The following are part of the governor's intended direction but are **not** in the
current rules. They are listed so the gap between intent and implementation is
explicit:

- **Capacity awareness:** respect each pool's soft/hard request limits — reduce
  weight as a pool nears its limit even if quality is fine, block restoration into a
  near-full pool, and allow boosting a healthy pool *above* its base weight (up to a
  ceiling, e.g. 1.5×) to absorb load shed from constrained peers.
- **Proactive, time-of-day shifts:** anticipate the daily traffic cycle
  (trough → ramp-up → peak → ramp-down) and pre-shift toward load-efficient pools
  before peak rather than only reacting after degradation.
- **Probation / flap handling:** a `healthy → degraded → probation → healthy` state
  machine with flap detection and extended probation for pools that oscillate.
- **Trend detection:** act on multi-cycle trends, not just single-cycle snapshots.
- **Persistence and scale:** sourcing observations from a production metrics store
  on a fixed poll interval and persisting effective weights across restarts.

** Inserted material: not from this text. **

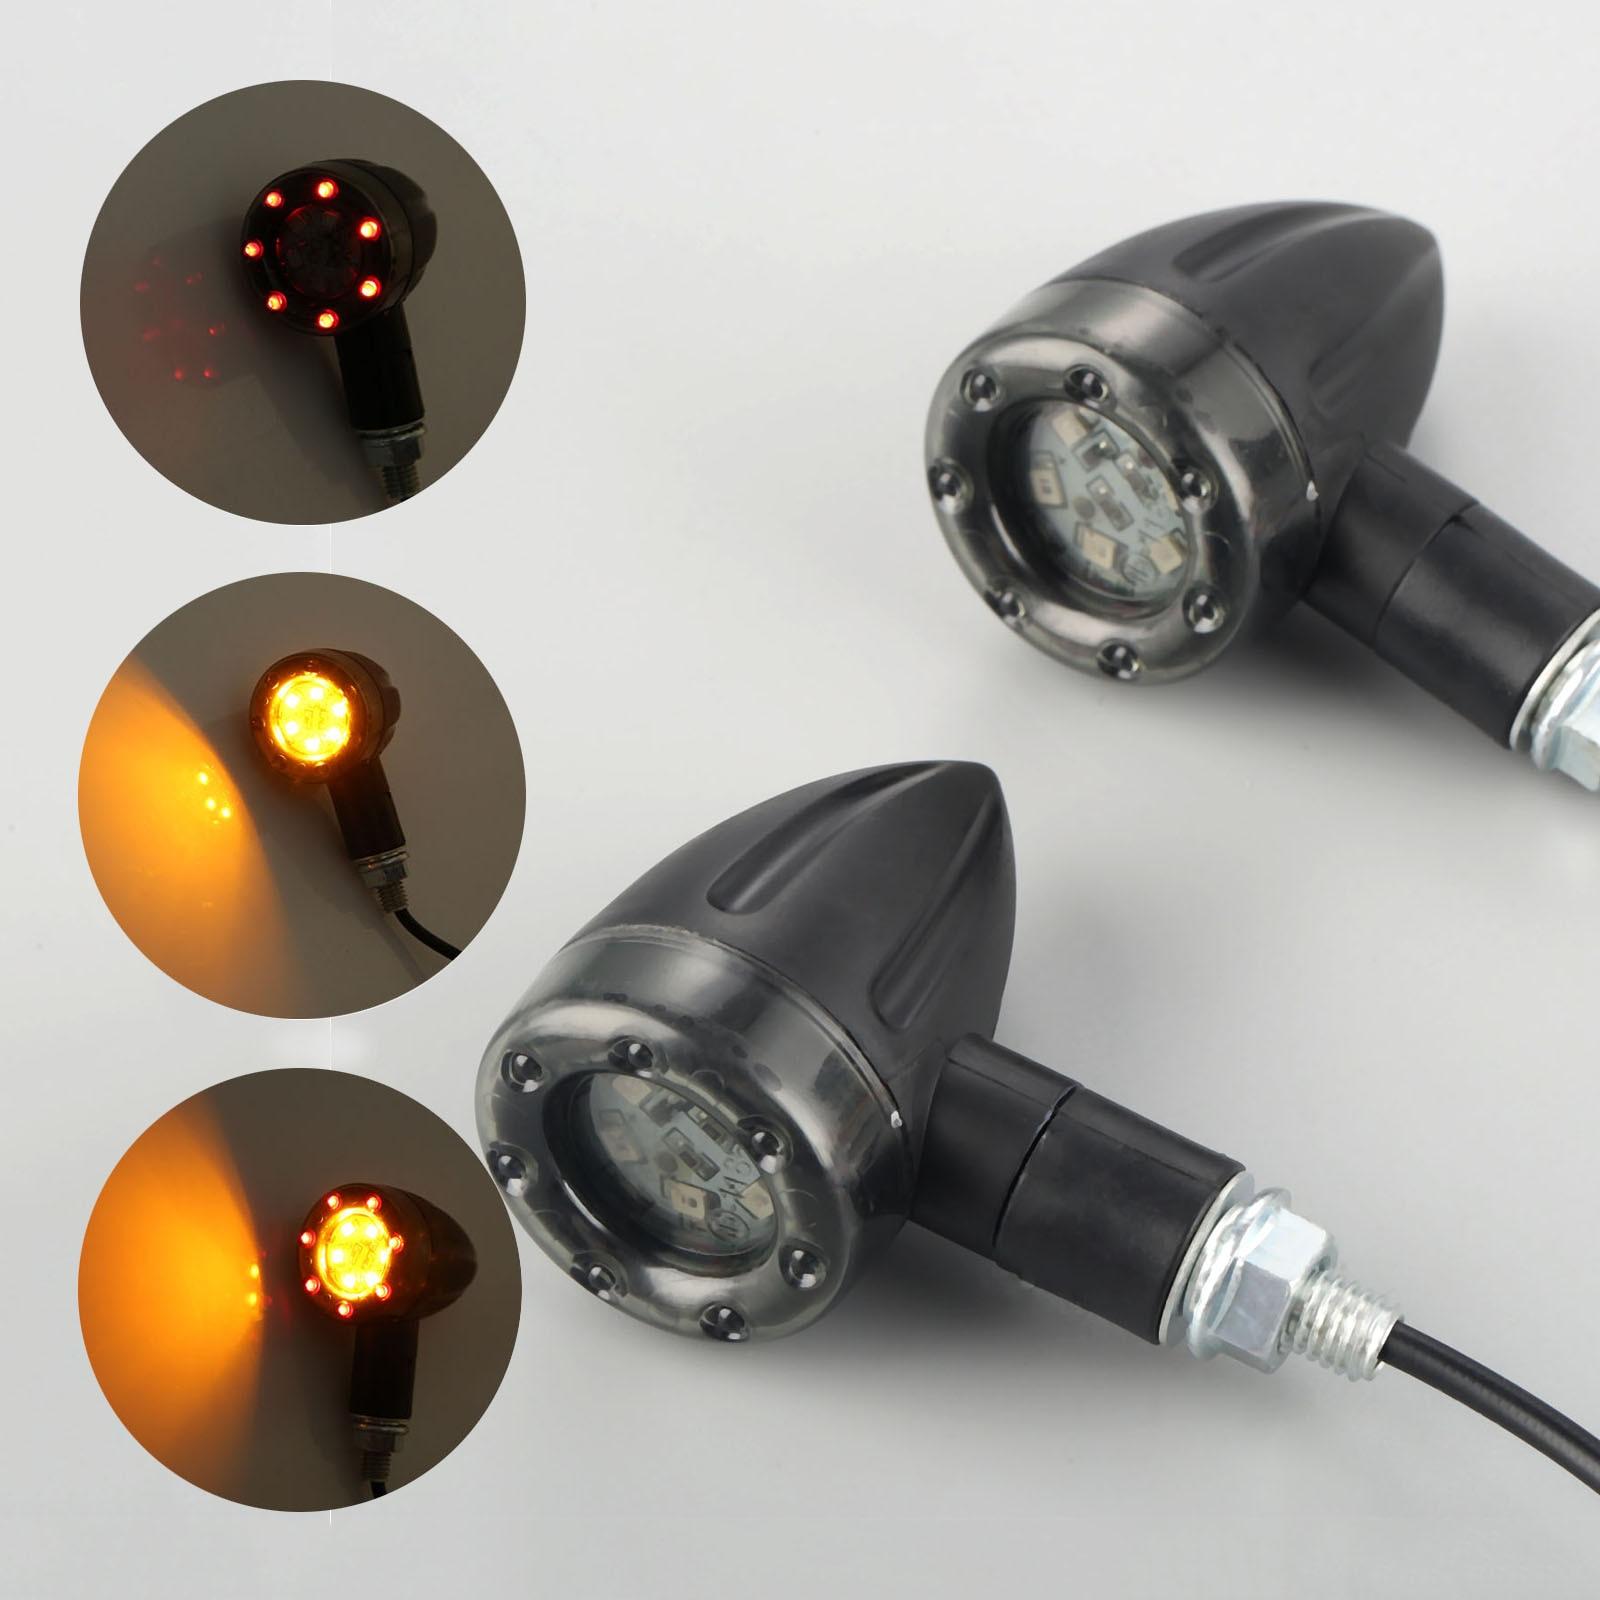 Mgoodoo 2Pcs/4Pcs Motorcycle LED Flasher Turn Signal Indicators light Brake Rear Running Lamp DC12V Amber LED Signal Turn Light

When this document and `gov.clp` disagree, `gov.clp` is what actually runs.

## License

Copyright (C) 2026 SWGY, Inc.

This program is free software: you can redistribute it and/or modify it under the
terms of the GNU Affero General Public License as published by the Free Software
Foundation, either version 3 of the License, or (at your option) any later version.
See [`LICENSE`](LICENSE) for the full text.